Bütün bunların sonucunda ikinci dünya savaşı patlak verir. İkinci Dünya Savaşı'ndan bu yana olan biteni kısaca hatırlayalım. 

Dünya artık ABD ve Sovyetler Birliği liderliğinde iki kutupludur. İkinci Dünya Savaşı sonuna kadar uygulanan kapitalist sistem, devlet müdahalesinin en aza indirildiği klasik iktisat anlayışının egemen olduğu, işçi ve çiftçilerin ağır sömürü altında olduğu bir dönemdir.

Döneme vahşi kapitalist tanımlaması yapmak yerinde bir tanımlamadır. İkinci dünya savaşından sonra ise iki kutuplu dünyada Sovyet Sisteminin etkisi ile Keynes’in önerdiği sosyal devlet politikaları ve devlet müdahaleleri kabul görür.

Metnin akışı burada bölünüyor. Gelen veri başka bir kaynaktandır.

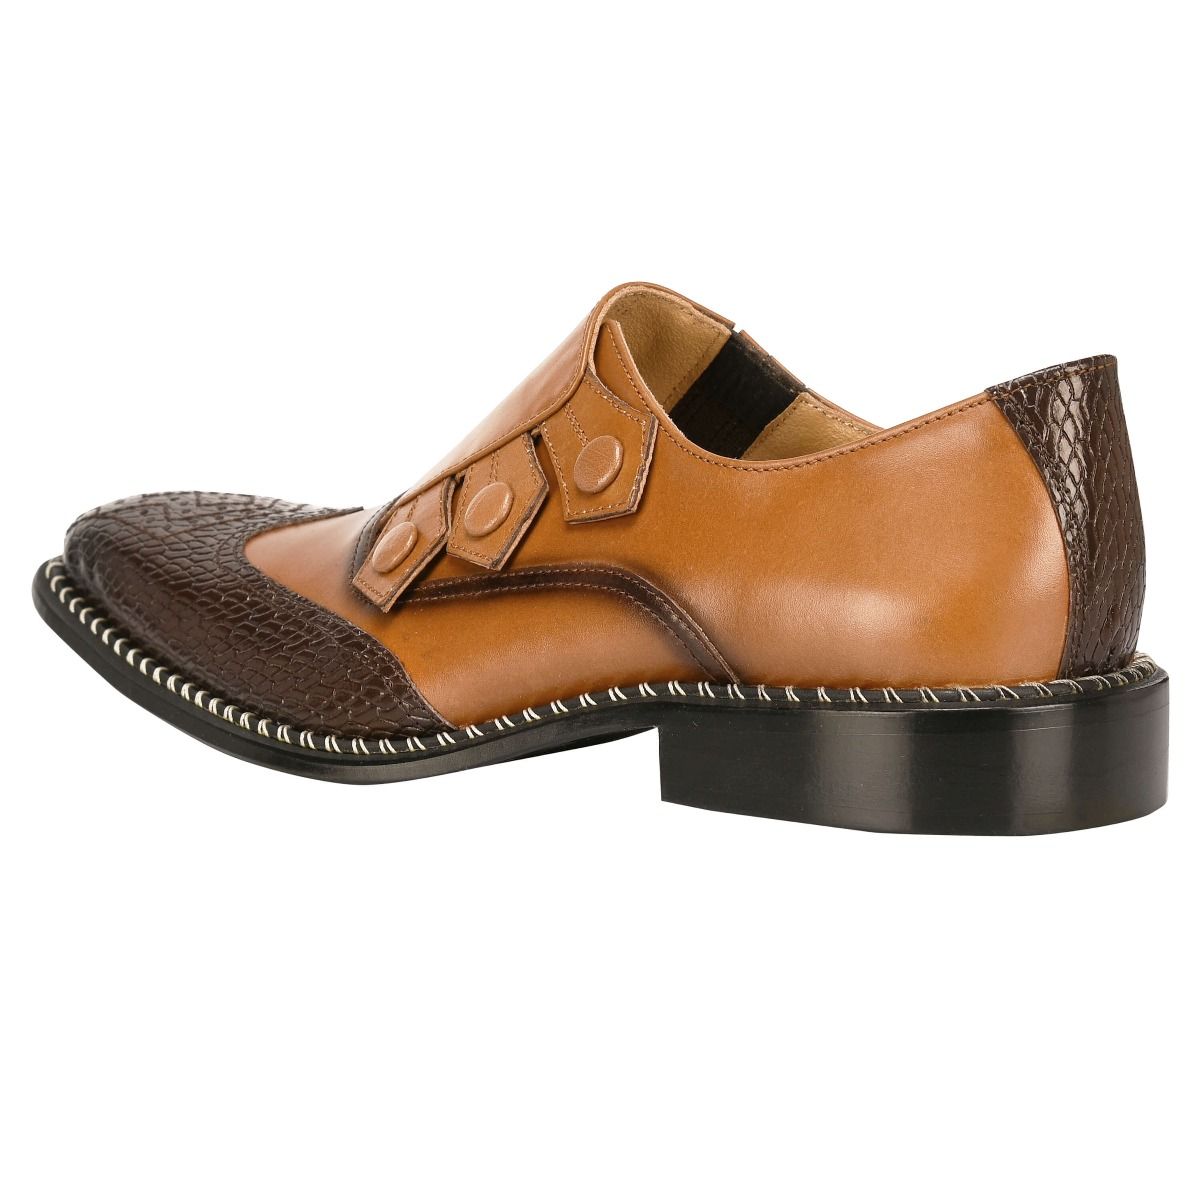 LIBERTYZENO Triple Monk Strap Slip-on Mens Leather Formal Wingtip Brogue Dress Shoes - image 3 of 5

Komünist blokta, barınma, beslenme, eğitim, sağlık, istihdam, emeklilik ve sanata ulaşma, ücretsiz temel haklardır.

İkinci Dünya Savaşı sonrasındaki kapitalist sistemde devlet, Sovyet Bloku rekabeti nedeniyle, sosyal haklar sağlar. Bunun sonucunda da savaş öncesi milli gelir içinde yüzde 10-15 olan bütçelerin payı 1980’li yıllara gelindiğinde ABD’de yüzde 40’lara, Avrupa’da yüzde 45-50’ler seviyesine ulaşır. Bu kapitalistlerin daha çok vergi vermesi demektir ama hızla büyüyen ekonomilerin ve artan kârlar sonucunda (1975 yılına kadar) sermayenin pek şikayeti yoktur.

Hatta bu dönem kapitalizmin altın çağı olarak nitelendirilir. Sonraki yıllarda işçi sendikaları güçlenir. İkinci Dünya Savaşı'ndan sonra, artık vahşi kapitalizmden, sosyal devlete önem veren, devlet girişimlerinin de olduğu kapitalizme geçilmiştir. 

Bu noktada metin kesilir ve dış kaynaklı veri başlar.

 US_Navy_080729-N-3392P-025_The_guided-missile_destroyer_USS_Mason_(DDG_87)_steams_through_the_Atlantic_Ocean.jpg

ABD kapitalist sistemin ve dünyanın jandarması olduğunu ilan eder. Artık dünya Amerika'nın koyduğu kurallar ve bu kuralları denetleyecek bağımsız gibi görünen ama ABD’nin etkisindeki uluslararası kurumlar tarafından şekillenecek ve yönetilecektir. 

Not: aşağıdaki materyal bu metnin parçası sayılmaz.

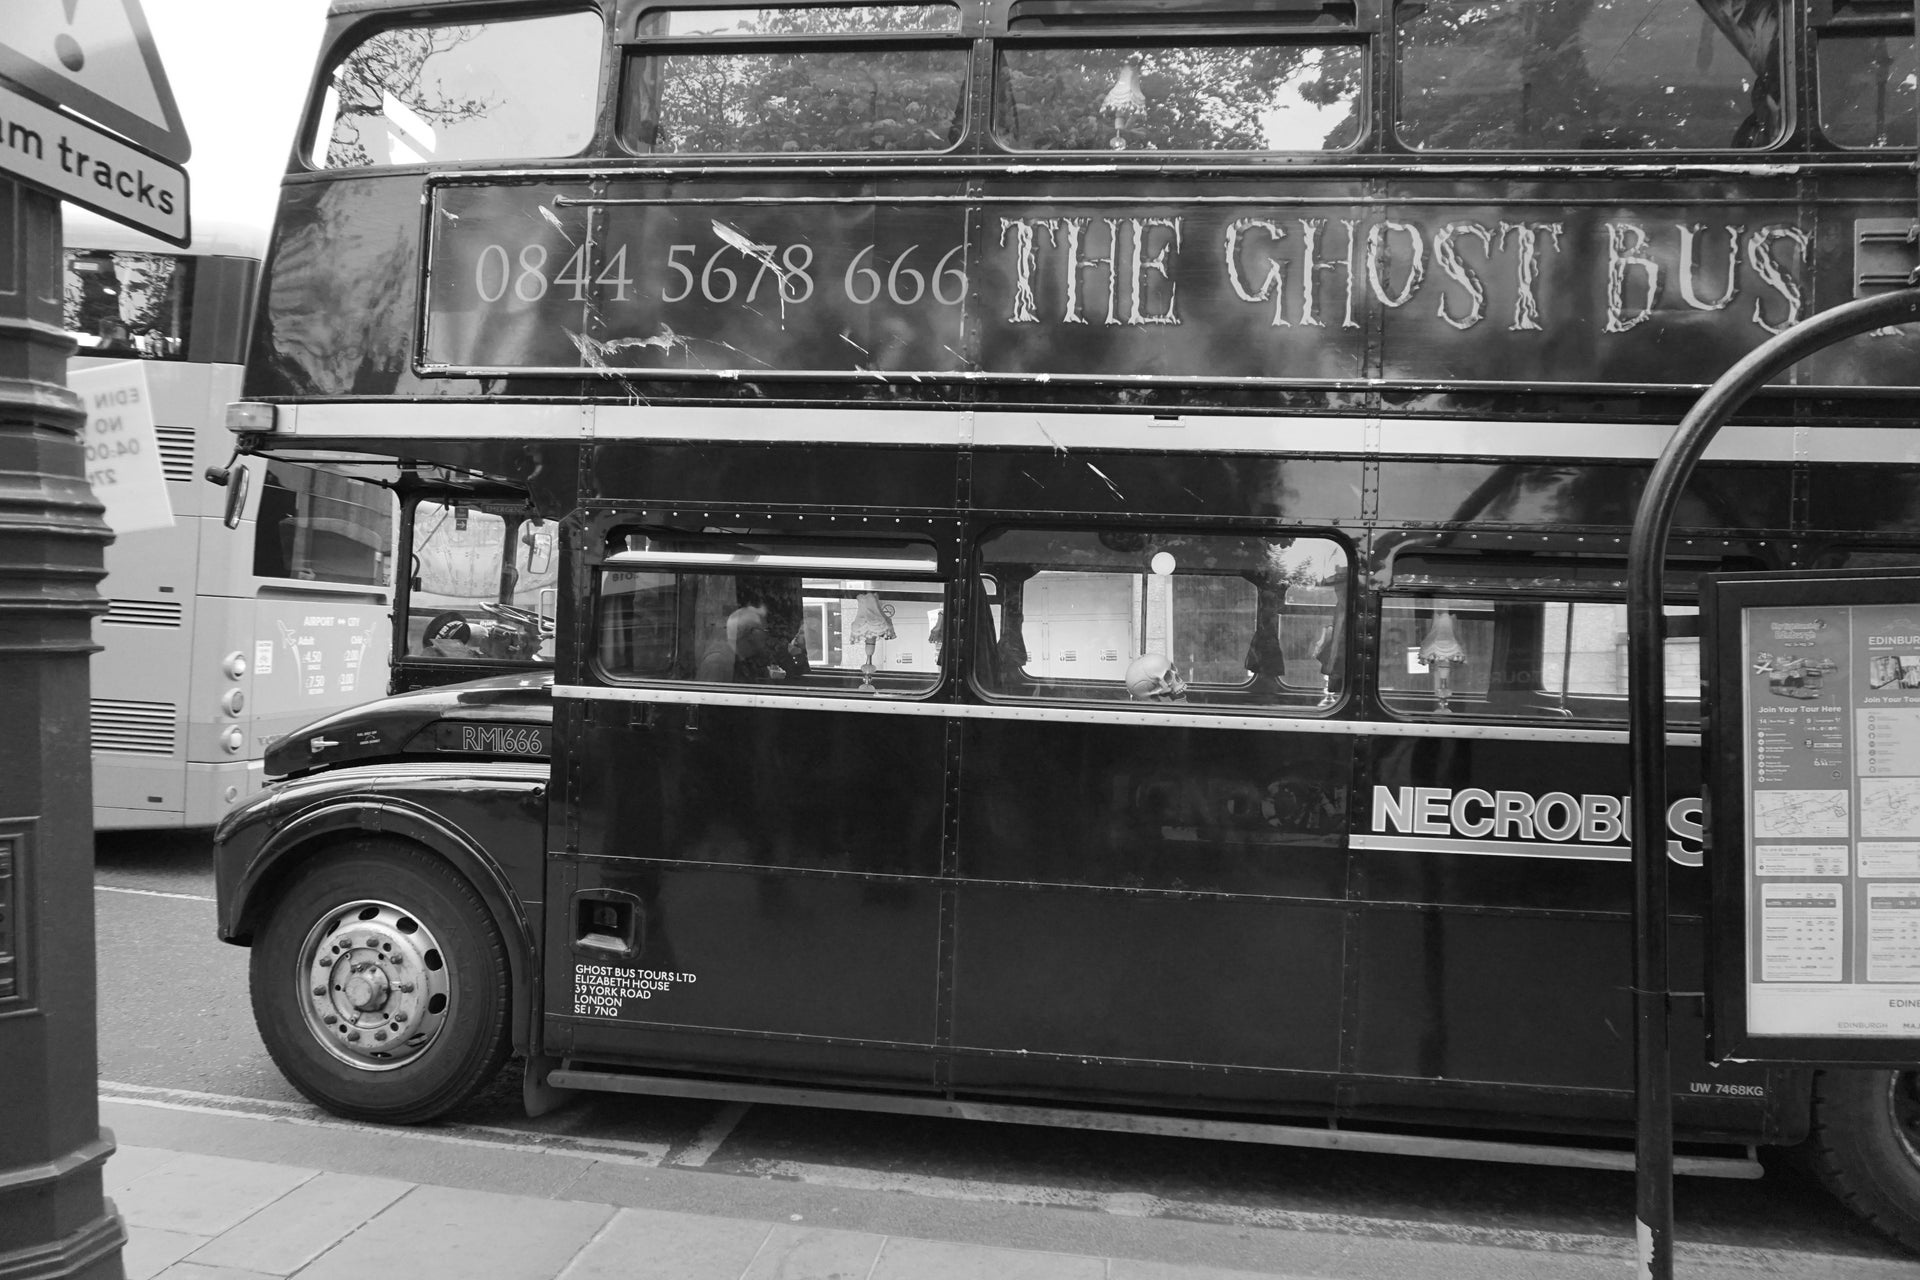 Edinburgh Ghost Bus Tour

İlk olarak Bretton Woods Anlaşması ile dolar dünyanın rezerv parası ilan edilir. Doların değeri altına bağlanır. Bir ons altın 35 dolardır. ABD Hükümeti, 35 dolar getirene 1 ons altın vereceğini garanti eder. Diğer ülke paraları da ABD dolarına bağlanır.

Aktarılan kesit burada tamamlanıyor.